- _Dataset section_:

────────────────

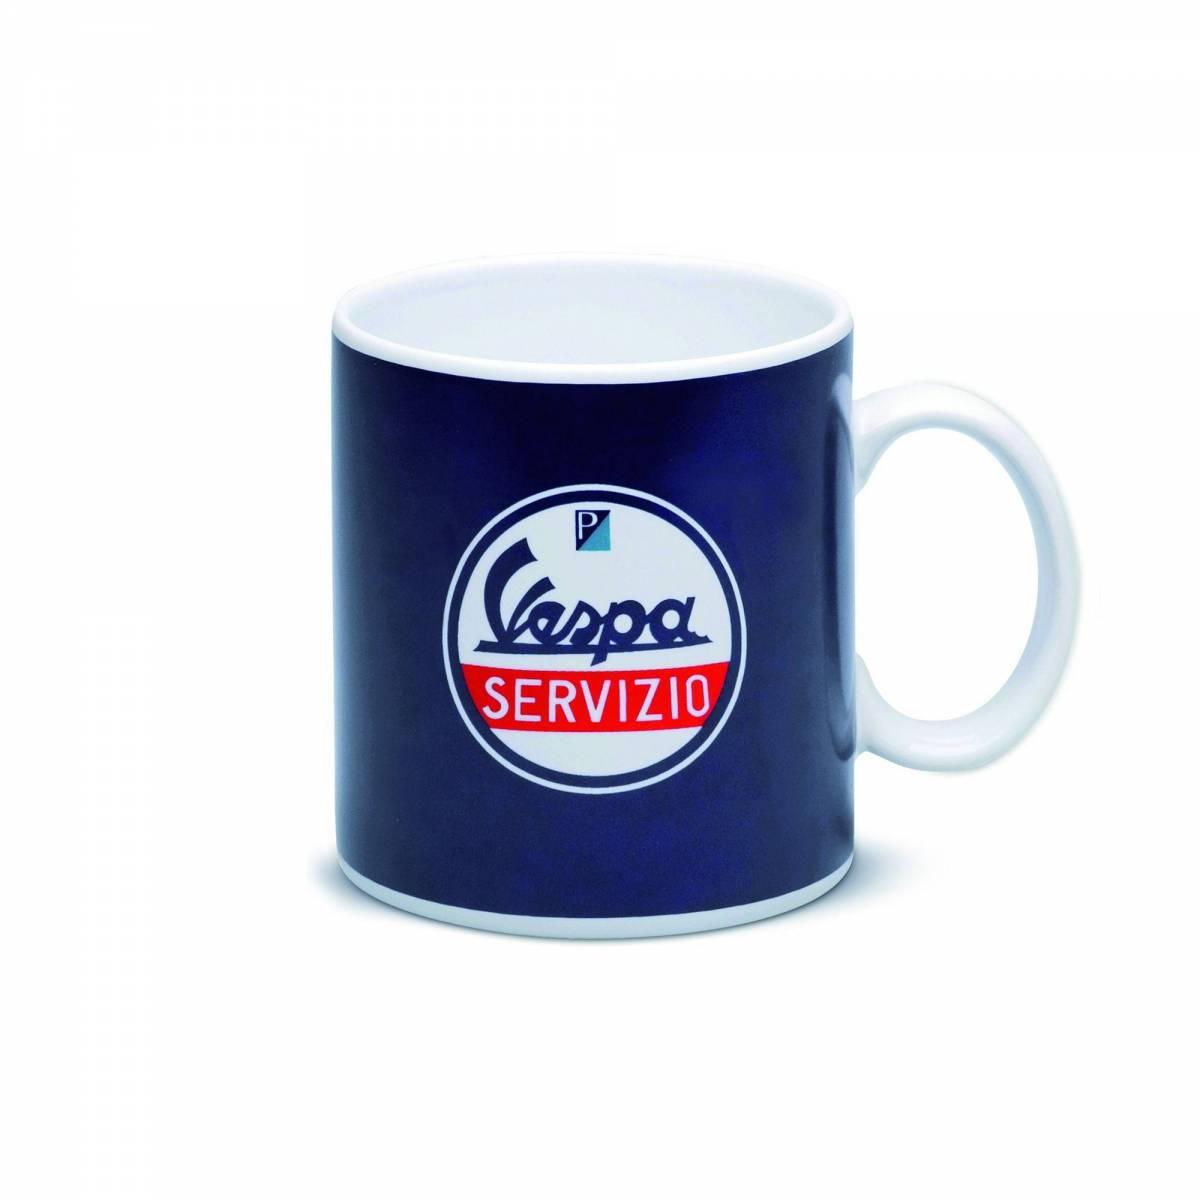 Vespa - Mug en Céramique Servizio - Bleu
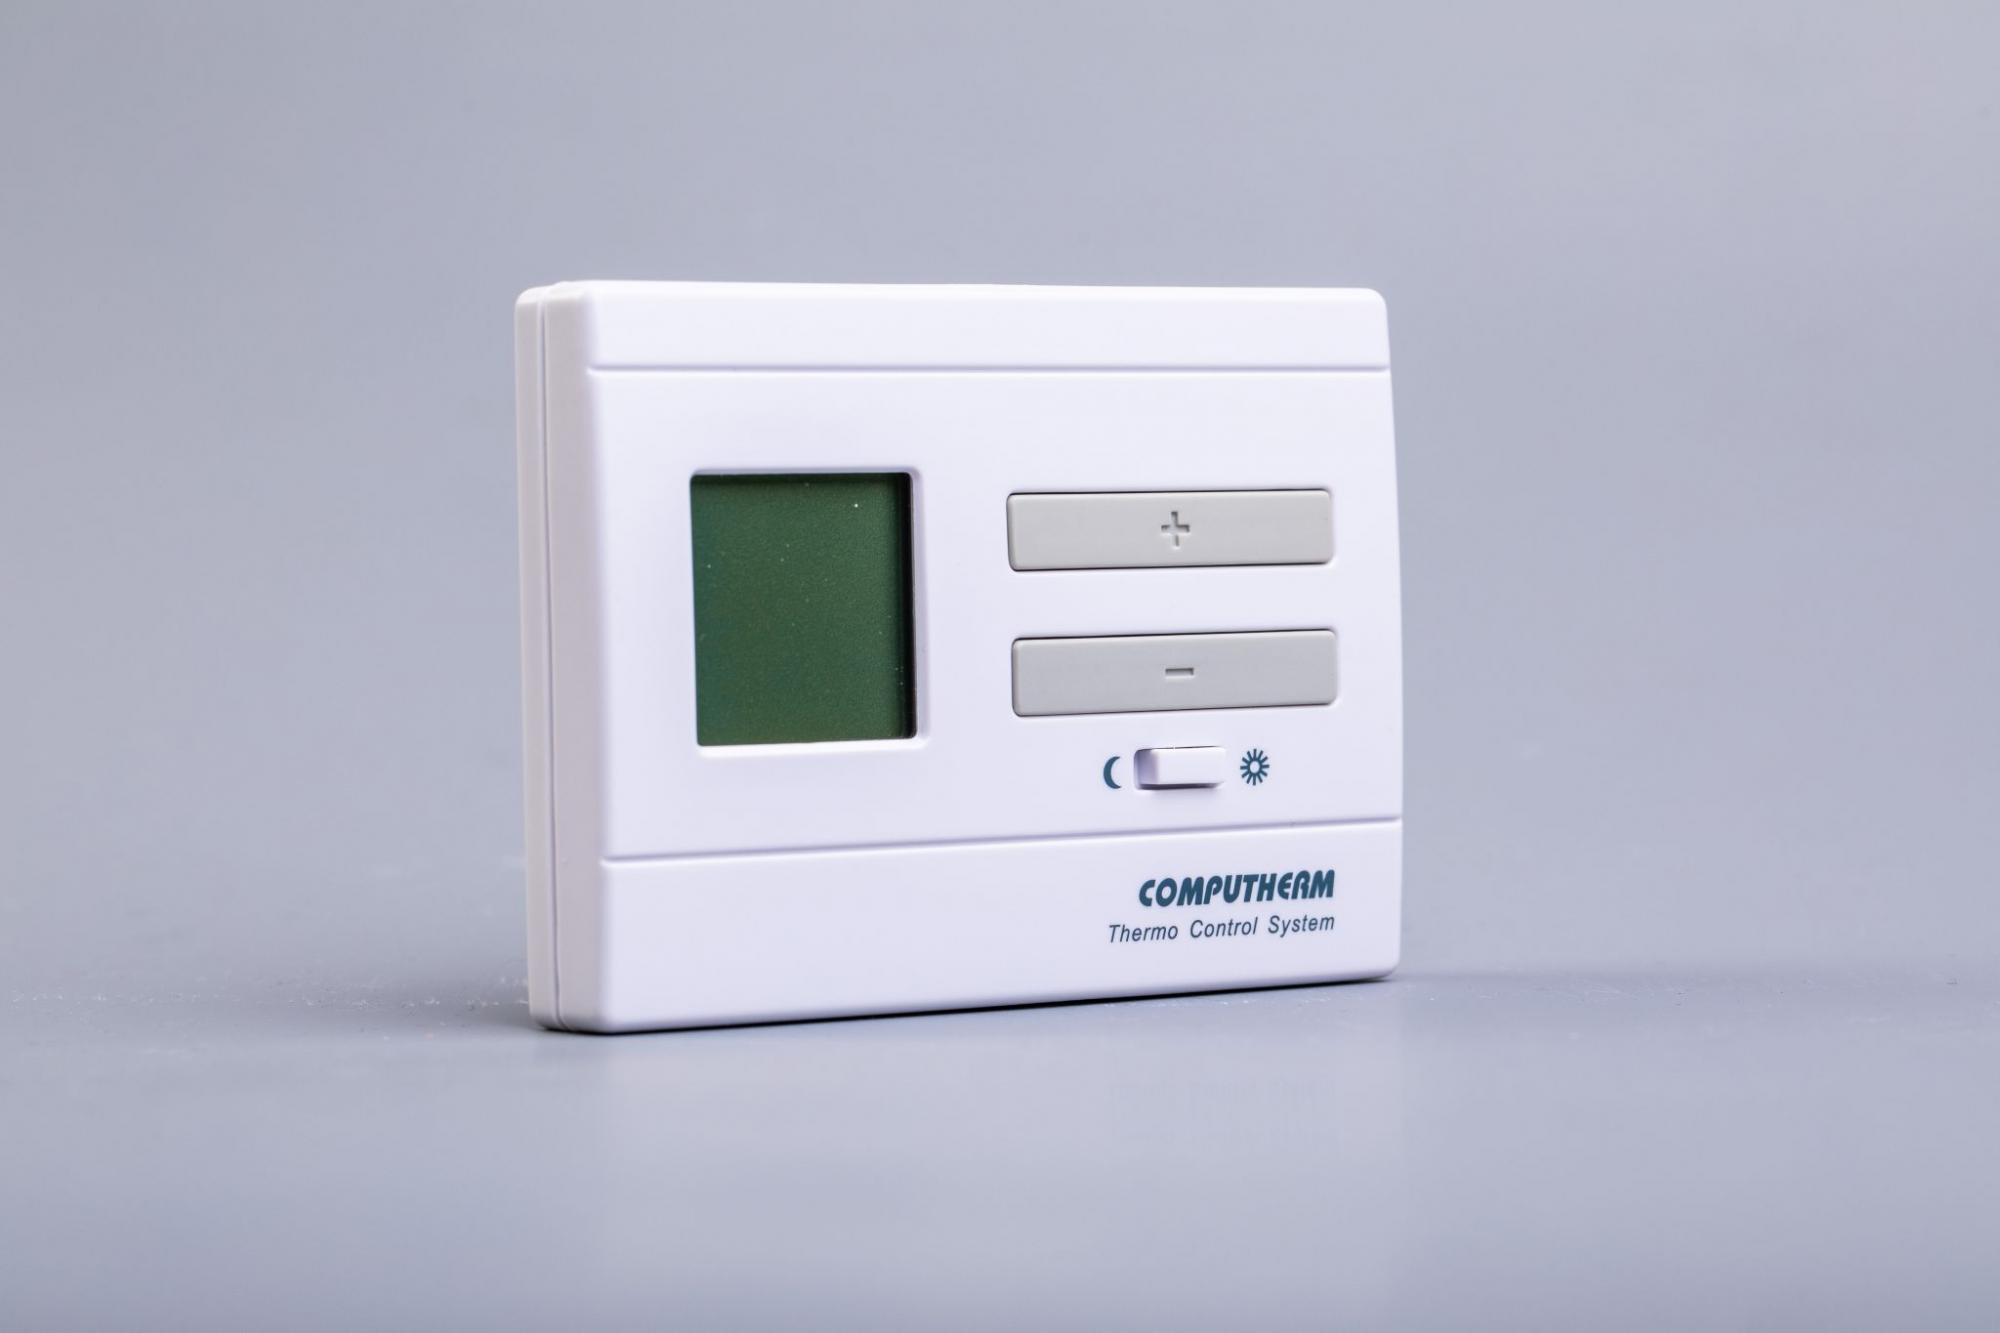 Computherm - Digitális termosztátok - COMPUTHERM Q3 - Quantrax Kft.
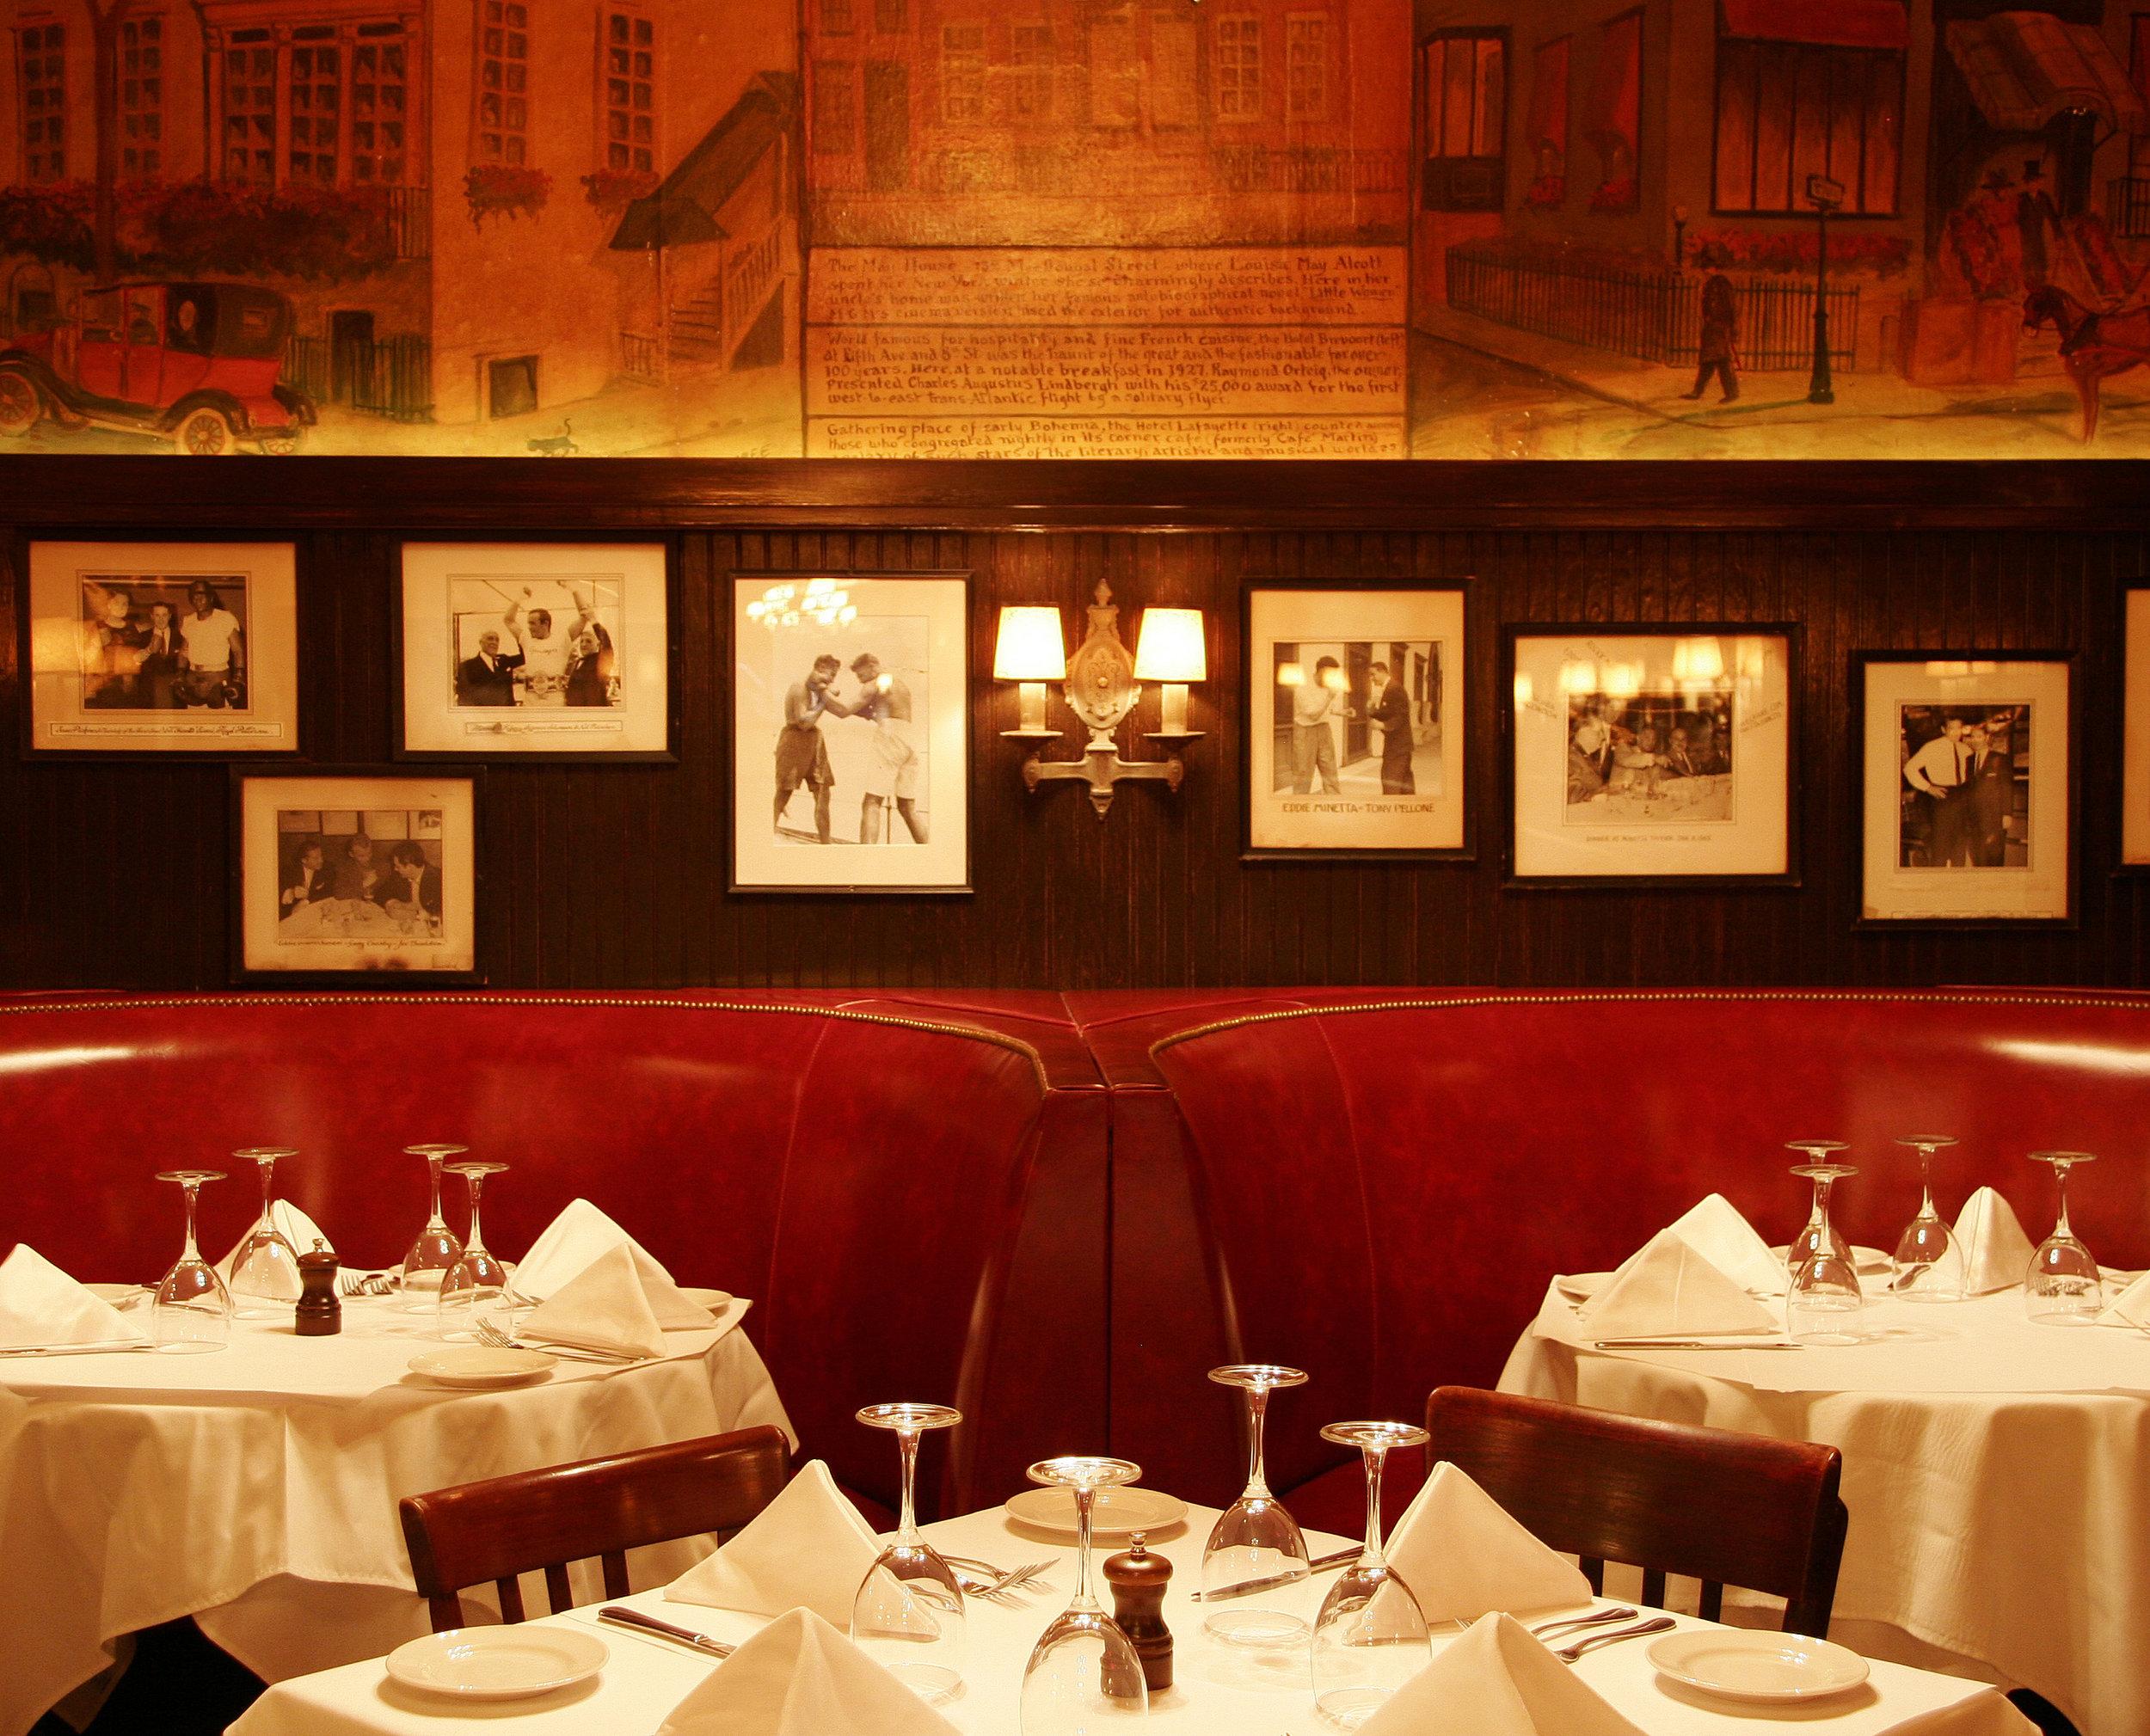 MinettaTavern_Dining Room Booths_Sylvia Paret_CROP.jpg

────────────────

- _Prompt_:
Transcribe every line from the one containing "Computherm - Digitális" to the end of the listing, exactly and exclusively. Do not carry any picture over.

- _Result of this exercise_:
 Computherm - Digitális termosztátok - COMPUTHERM Q3 - Quantrax Kft.
 MinettaTavern_Dining Room Booths_Sylvia Paret_CROP.jpg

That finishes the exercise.